Om een vals positief te kunnen identificeren, stelt u de volgende vragen:
Een dreigingshandtekening onderdrukken
Met de functie voor het onderdrukken van handtekeningen van de Threat Detection Engine kan een UniFi-beheerder de waarschuwing / blokkering uitschakelen voor bepaalde handtekeningen waarvan niet bekend is dat ze schadelijk zijn. Volg deze stappen om een handtekening te onderdrukken:
1. Navigeer naar het tabblad
IPS Dashboard > Verkeerslogboek in de controllerinterface.
Onderdrukte handtekeningen beheren
Om onderdrukte handtekeningen te beheren, gaat u naar Instellingen> IPS> Handtekeningonderdrukking .
Houd er rekening mee dat:
Blacklisting en Blocking
1. Ga naar het gedeelte IPS Dashboard
en selecteer het tabblad "Verkeerslogboek" bovenaan om blokkeren en zwarte lijsten te beheren .
2. Nadat een verkeersalarm is geïdentificeerd voor actie, selecteert u de waarschuwing. Er verschijnt een gedetailleerde pop-up met opties die betrekking hebben op de melding.
Terminologie
Zwarte lijst: deze optie in het IPS-dashboard blokkeert verkeer van het bron-IP-adres dat de handtekening heeft geactiveerd.
Blokkeren: deze optie in het IPS-dashboard blokkeert verkeer naar het doel-host-IP en vanaf het bronhost-IP.
brandmuur
Blocking en Blacklisting worden als regels in de firewall ingevoegd. Navigeer naar Instellingen> Routing en Firewall> Firewall> WAN_IN of WAN_OUT om te zien.
WAN_IN
WAN_OUT
Het Threat Detection System op UniFi-gateways heeft duizenden handtekeningen die in categorieën zijn gegroepeerd.
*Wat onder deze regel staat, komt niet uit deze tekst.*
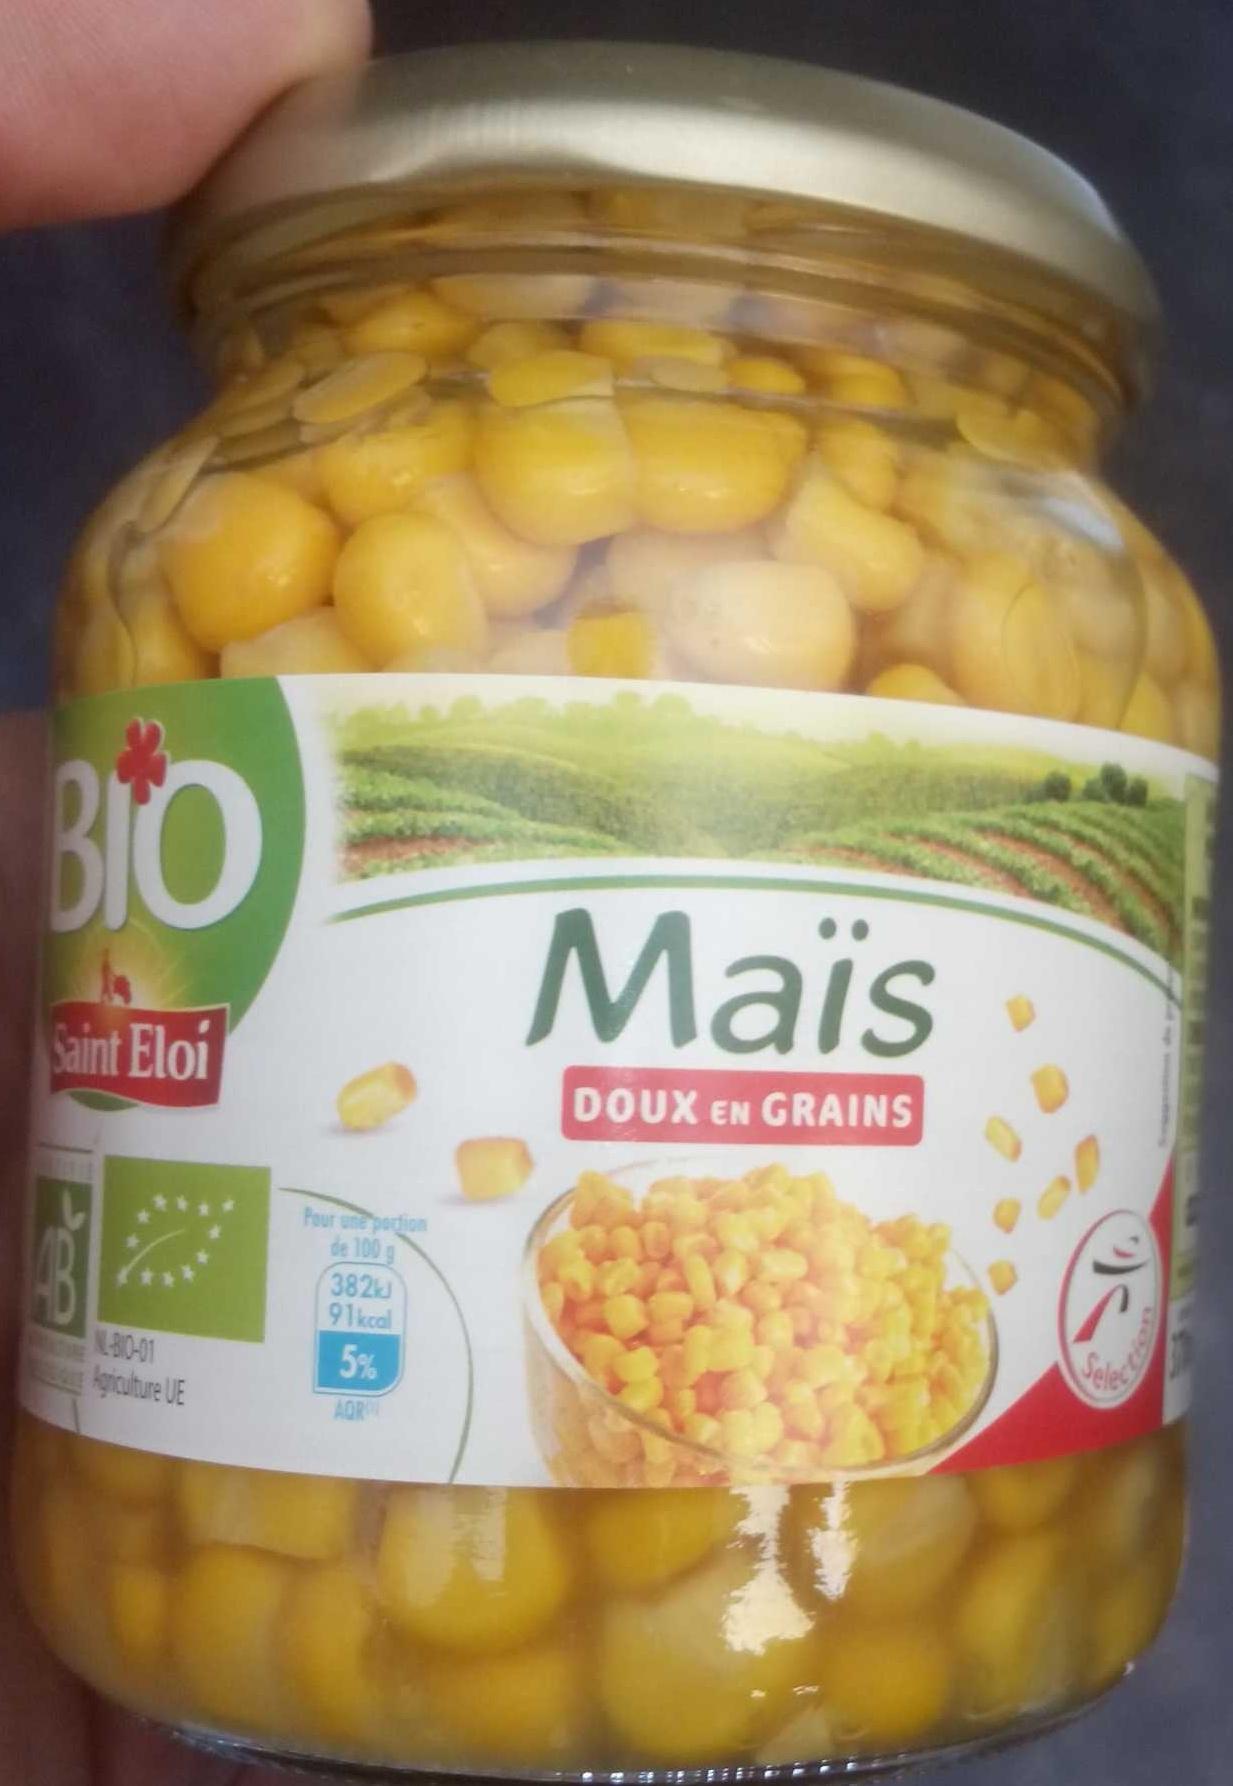 Mais doux en grains - Product - fr

Elk van deze categorieën dient een uniek doel bij het detecteren van afwijkend verkeer dat door de gateway-interfaces stroomt. Sommige van deze categorieën zijn agressiever in het afgeven van waarschuwingen voor goedaardig verkeer. Als een UniFi-beheerder niet voorzichtig is bij het inschakelen van categorieën, kunnen de waarschuwingen zich opstapelen voor verkeer dat niet bijzonder schadelijk is.
Het type gebeurtenis of waarschuwing dat hierboven wordt beschreven, staat bekend als een "fout-positief". Het verkeer kan onschadelijk zijn, maar wordt als potentieel gevaarlijk geactiveerd door een of meer van de handtekeningpatronen die worden gecontroleerd voordat het verkeer er doorheen kan bij het uitvoeren van inbraakpreventie. Om deze reden kunnen sommigen ervoor kiezen om detectie te gebruiken boven preventie .
Om een vals positief te kunnen identificeren, stelt u de volgende vragen:
- Komt de waarschuwing van een enkele IP of meerdere op het netwerk?
- Zijn er recent nieuwe en / of potentieel verdachte clients aan het netwerk toegevoegd?
- Zijn er recente updates voor het client-besturingssysteem die mogelijk de waarschuwing veroorzaken?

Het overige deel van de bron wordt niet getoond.